Friday, December 19, 2008

Intelligence is Inversely Related to Religiousness

Believers have frequently attacked atheism on the grounds that it must be mistaken because so many intelligent people accept the claim that God is real. Then a list follows. The implication, if there’s an argument here at all, is that by not believing, the atheist asserts that all of these brilliant people are crazy, or at least mistaken. But surely, so many people who are so smart couldn’t be so wrong. Or something to that effect.

The fallacious appeal to authority is clearly a problem in these arguments. There’s also a great deal of confirmation bias going on. We can find lots of smart people, like Ptolemy, who believed that the Sun orbits the Earth, or like Aristotle who believed that the four basic elements of matter are earth, air, fire, and water. So specific appeals to individuals and their beliefs won’t tell us much about what’s reasonable.

But if we were to take a broader view of what smart people think on the whole, could that give us some leverage on the question of what is most reasonable to believe? It won’t settle the matter of course. Belief trends among smart people can be just as mistaken as Aristotle’s earth/air/fire/water scheme.
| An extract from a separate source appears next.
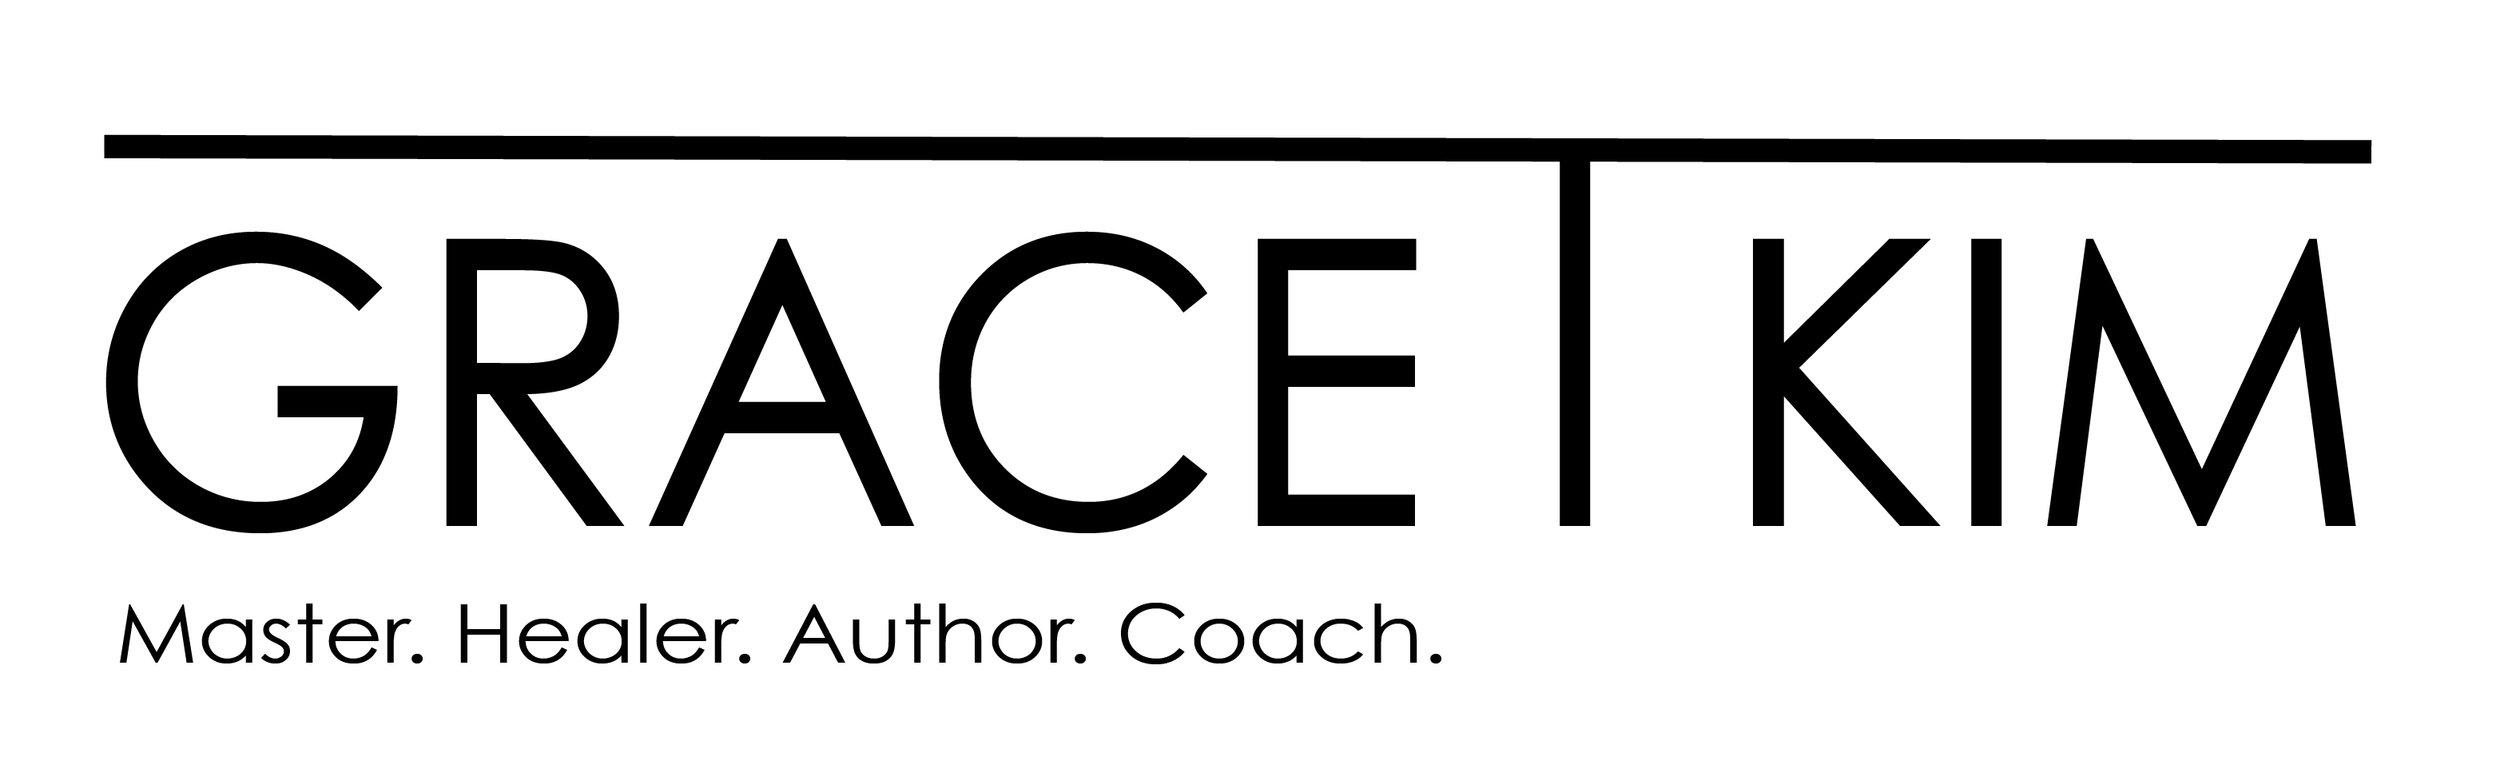 Grace T Kim, Master, Healer, Author and Coach. Partner of Ludovic

But one would be foolish to disregard what the most educated, intelligent, and thoughtful people in the human race thought was true. If there are significant trends in what they take to be true, that should count as substantial justification for all of us. That’s a large part of what justifies the rest of us in believing that smoking causes cancer, or that oxygen is real, afterall. Which views are justified are, in part, a function of the social-epistemic context. One’s standards of justification and background information are tied, in part, to what the people around you think. Aristotle wasn’t irrational, just mistaken.

In a recent meta study in Intelligence (“Average Intelligence Predicts Atheism Rates Across 137 Nations”), Richard Lynn, John Harvey, and Helmuth Nyborg identified some telling conclusions:

1) Worldwide, there is a substantial negative correlation between intelligence and religious belief. That is, as intelligence goes up, religious belief goes down.
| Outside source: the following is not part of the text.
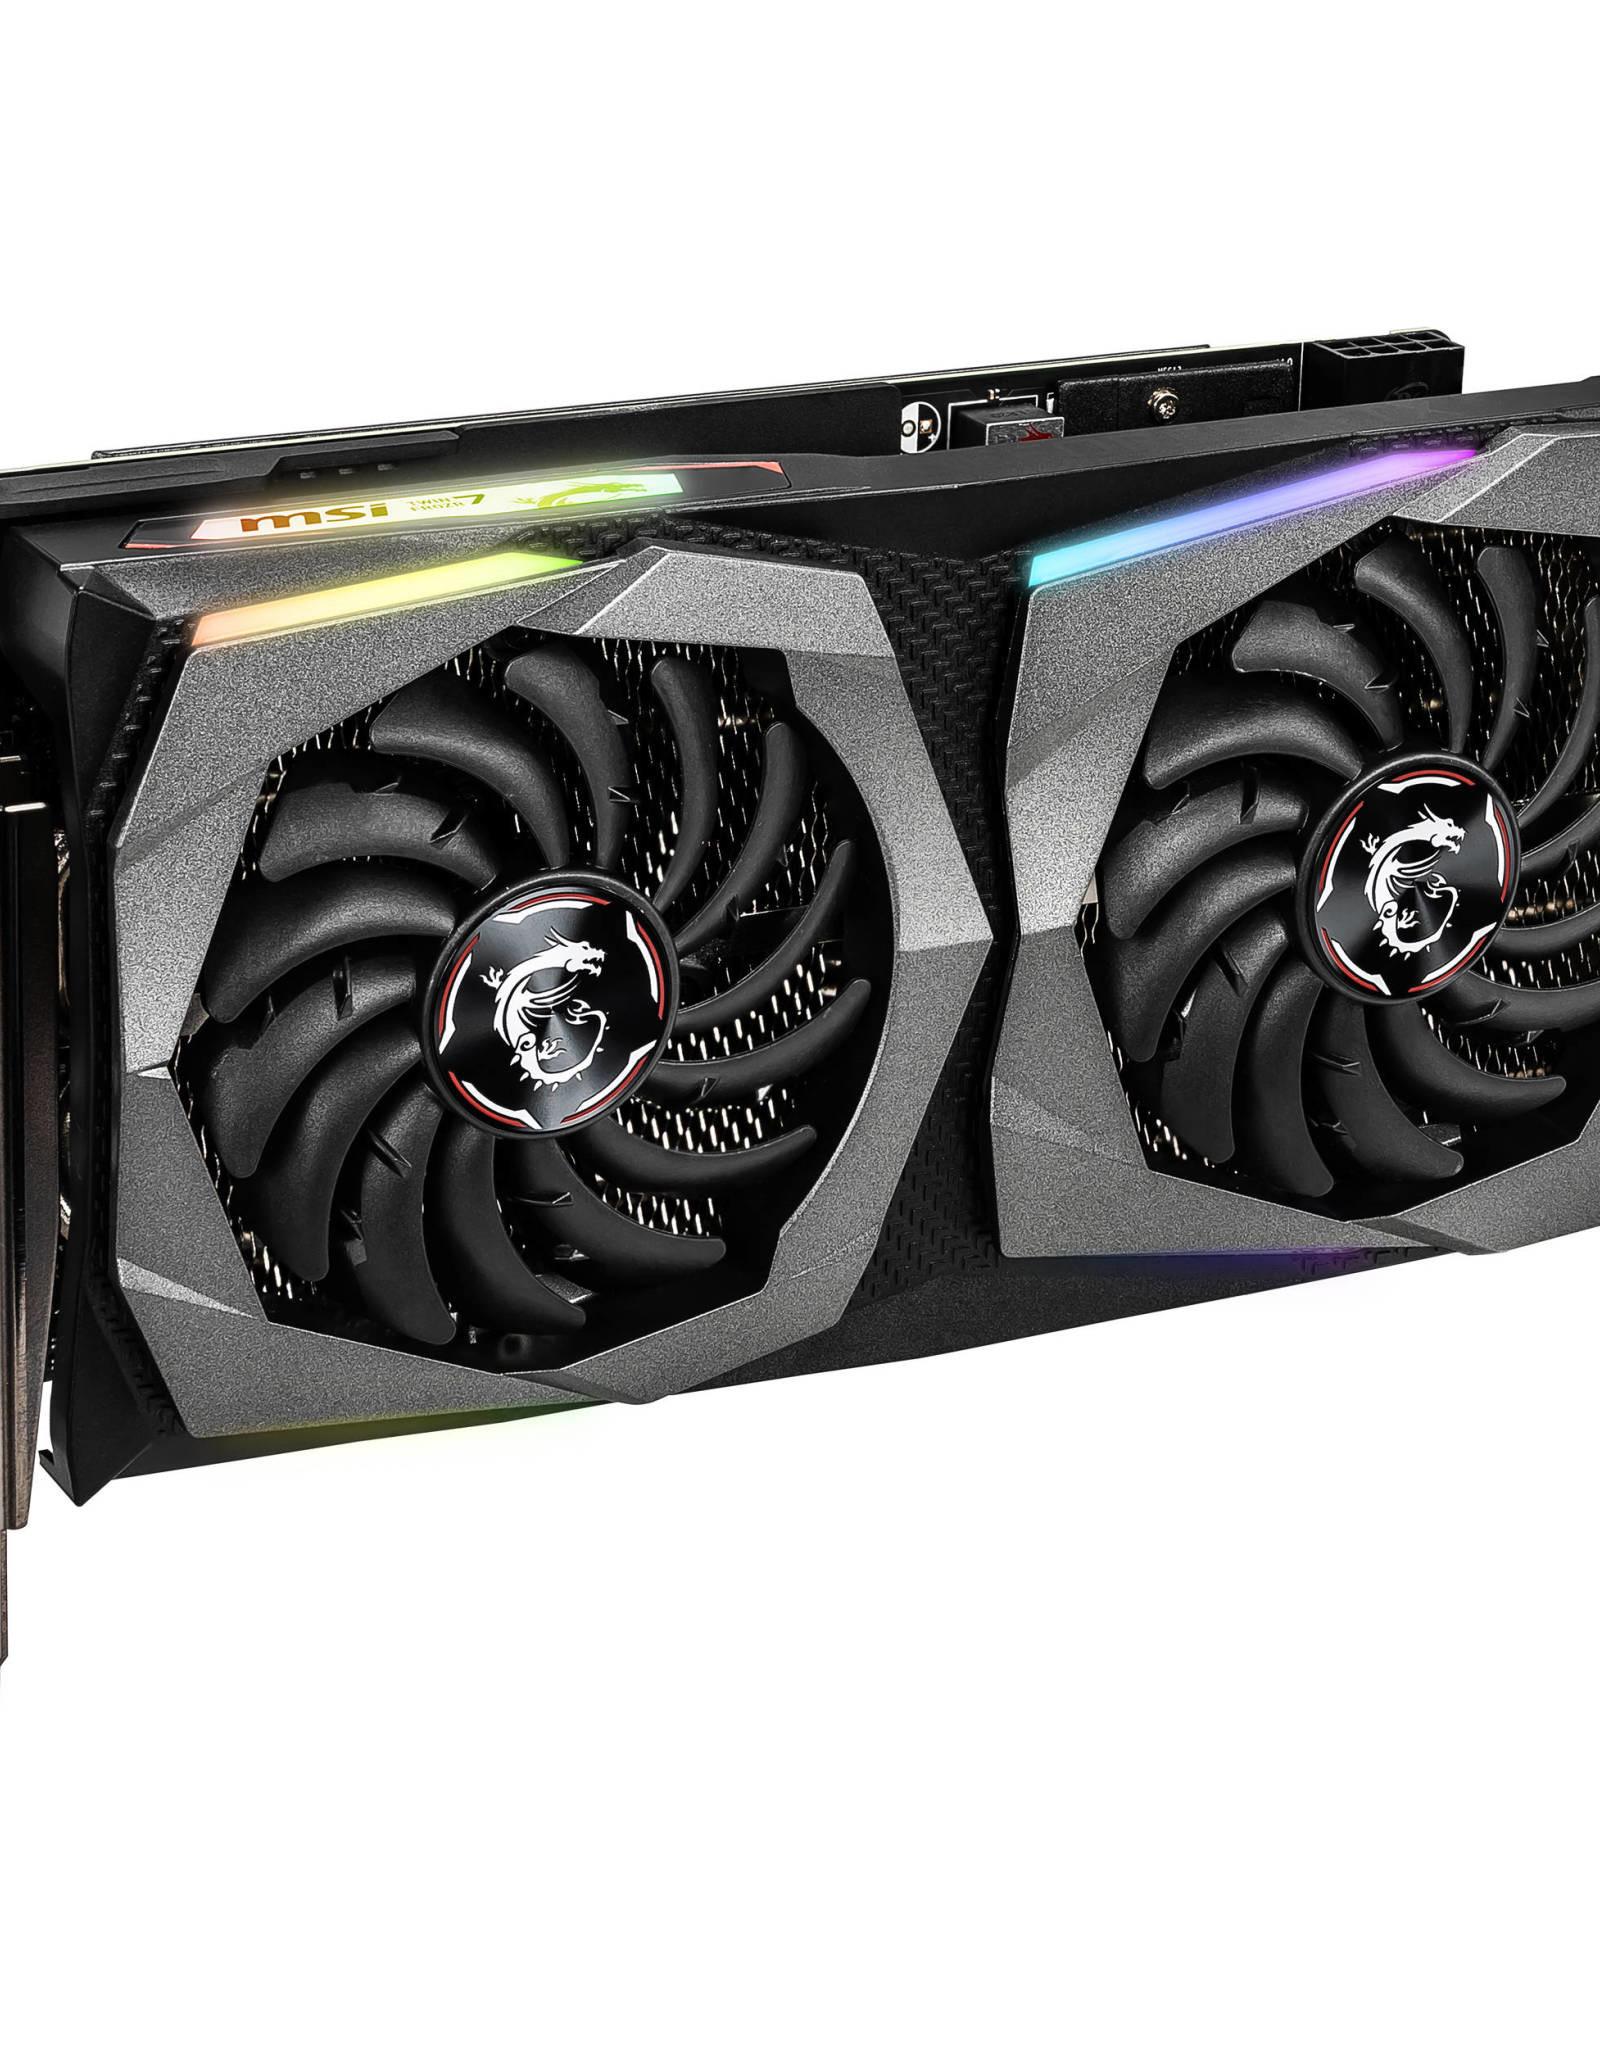 MSI | VCX GeForce RTX 2060 GAMING Z 6G 6G PCIE DPx3 HDMI ATX TF VII FAN G2060GZ6

2) Furthermore, there is a significant decline of religious belief with age among children.

3) In the 20th century, as the intelligence of the population has gone up, religious belief has gone down.

In their discussion, the authors cite several familiar explanations from the previous surveys for why the correlation exists:

Frazer, in The Golden Bough, concludes that “the keener minds came to reject the religious theory of nature as inadequate. . . religion, regarded as an explanation of nature, is replaced by science.”
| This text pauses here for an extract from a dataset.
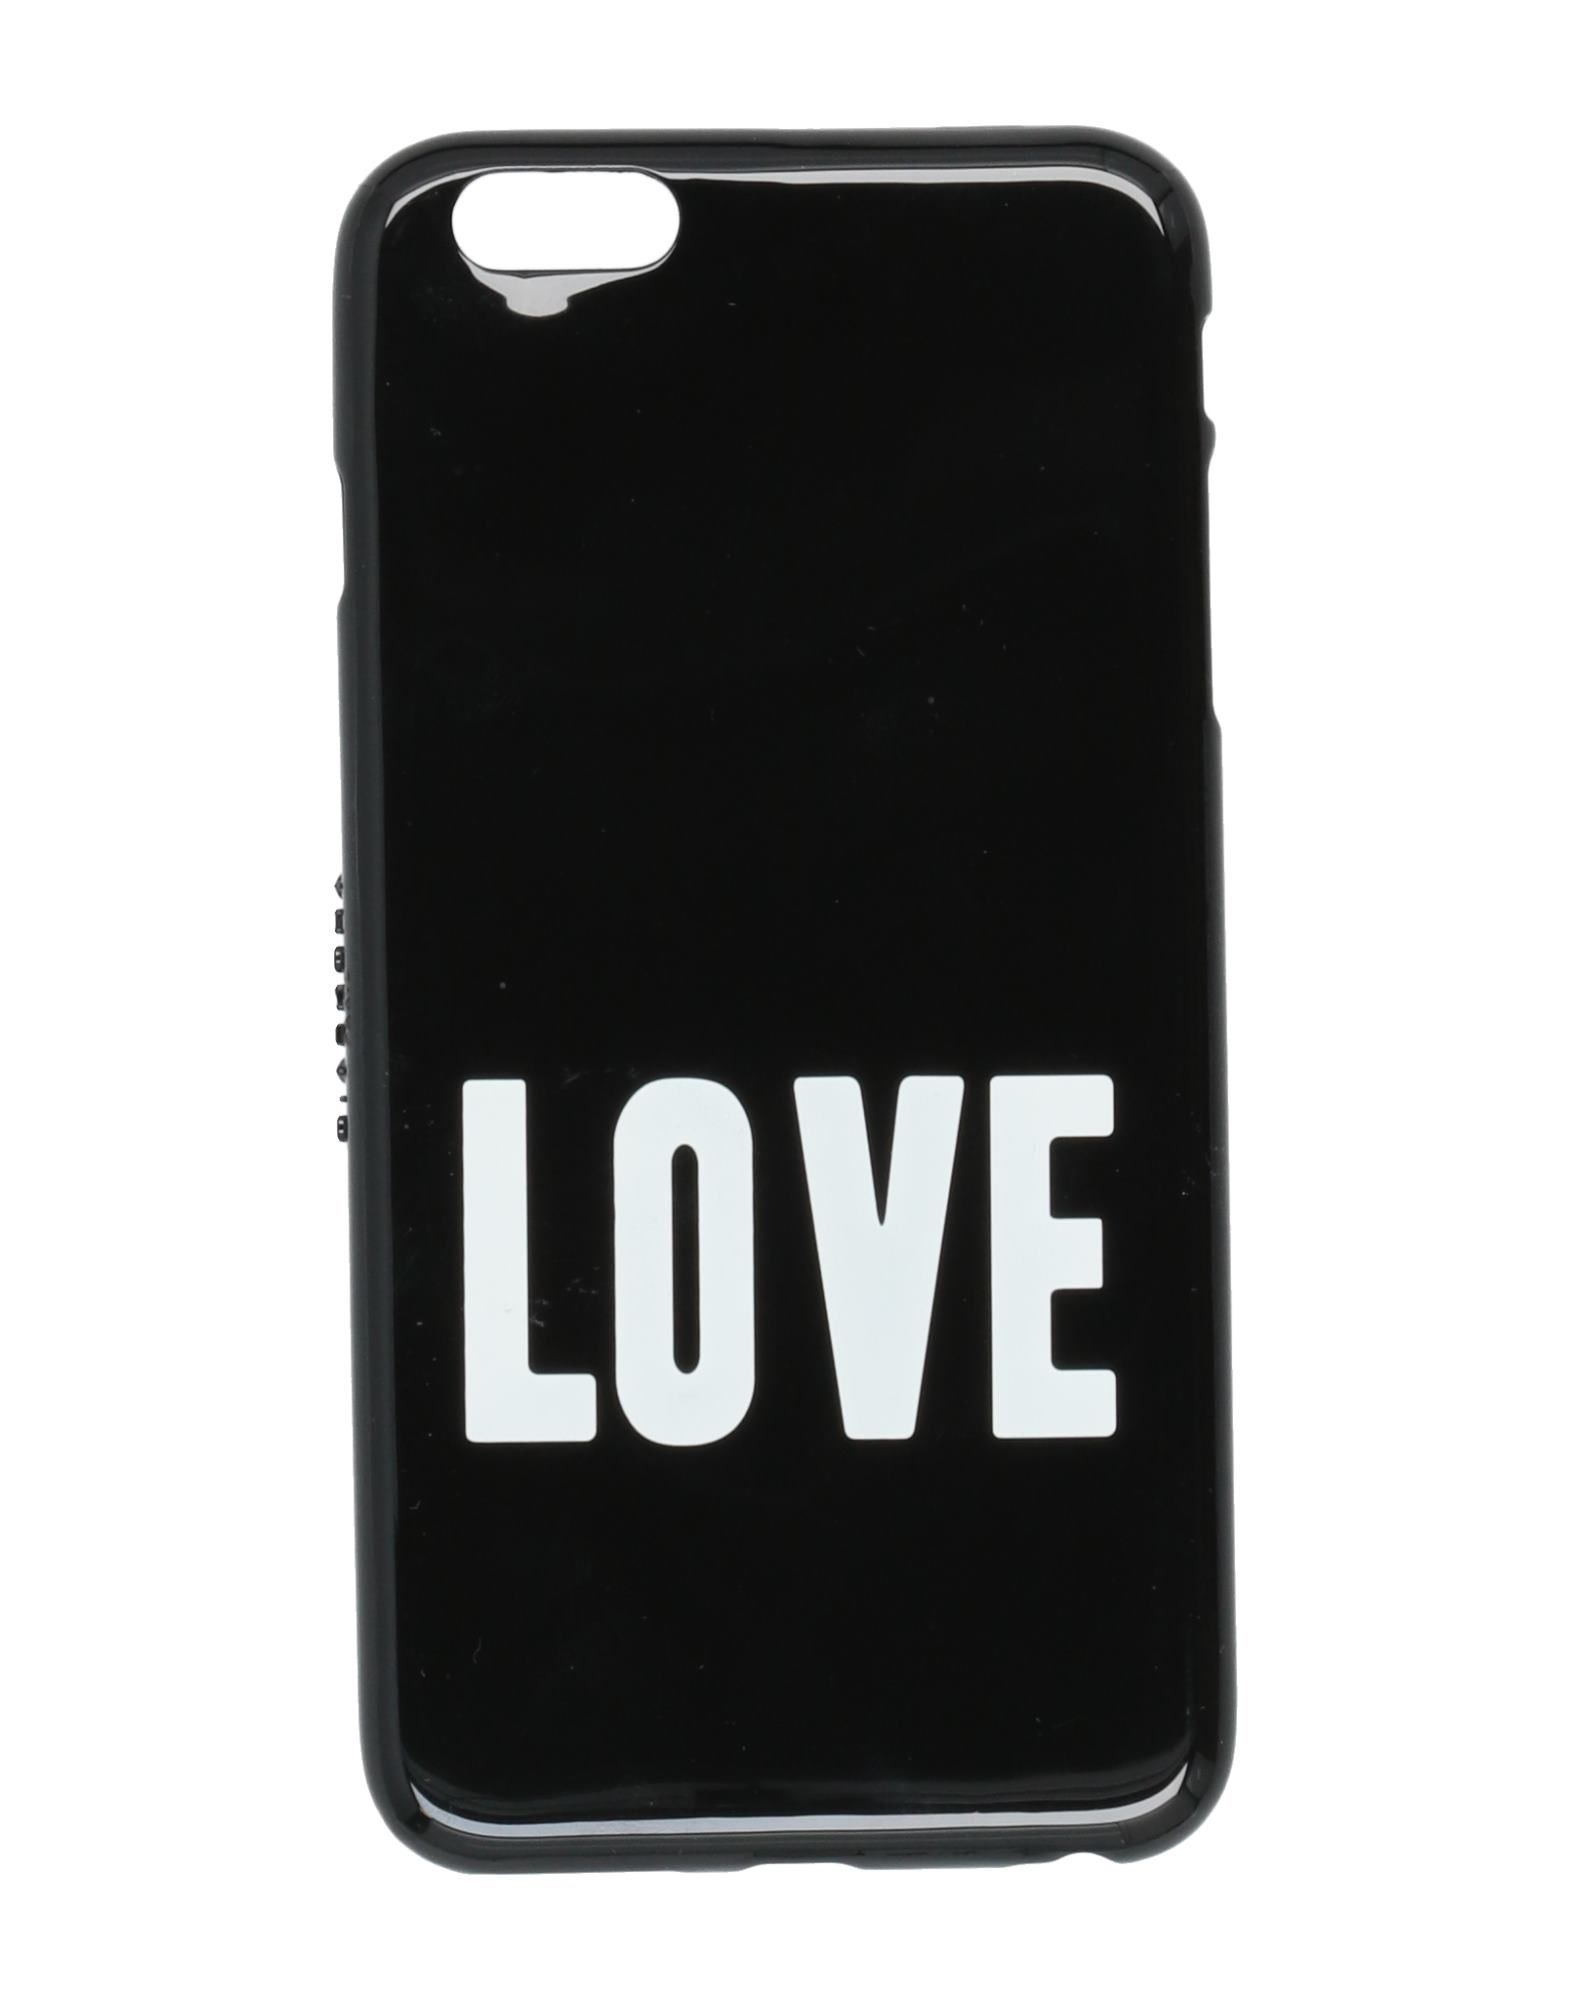 Фото - GIVENCHY Чехол чехол накладка для apple iphone 6 6s deppa gel plus case 85213 pink клип кейс полиуретан

Kuhlen and Arnold argue that “greater intellectual maturity might be expected to increase scepticism in matters of religion.”

Inglehart and Welzel assert that people in the pre-industrial world have little control over nature, so “they seek to compensate their lack of physical control by appealing to the metaphysical powers that seem to contrl the world: worship is seen as a way to influence one’s fate, and it is easier to accept one’s helplessness if one knows the outcome is in the hands of an omnipotent being whose benevolence can be won by following rigid and predictable rules of contact. . . one reason for the decline in traditional religious beliefs in industrial societies is that an increasing sense of technological control over nature diminishes the need for reliance on supernatural powers.”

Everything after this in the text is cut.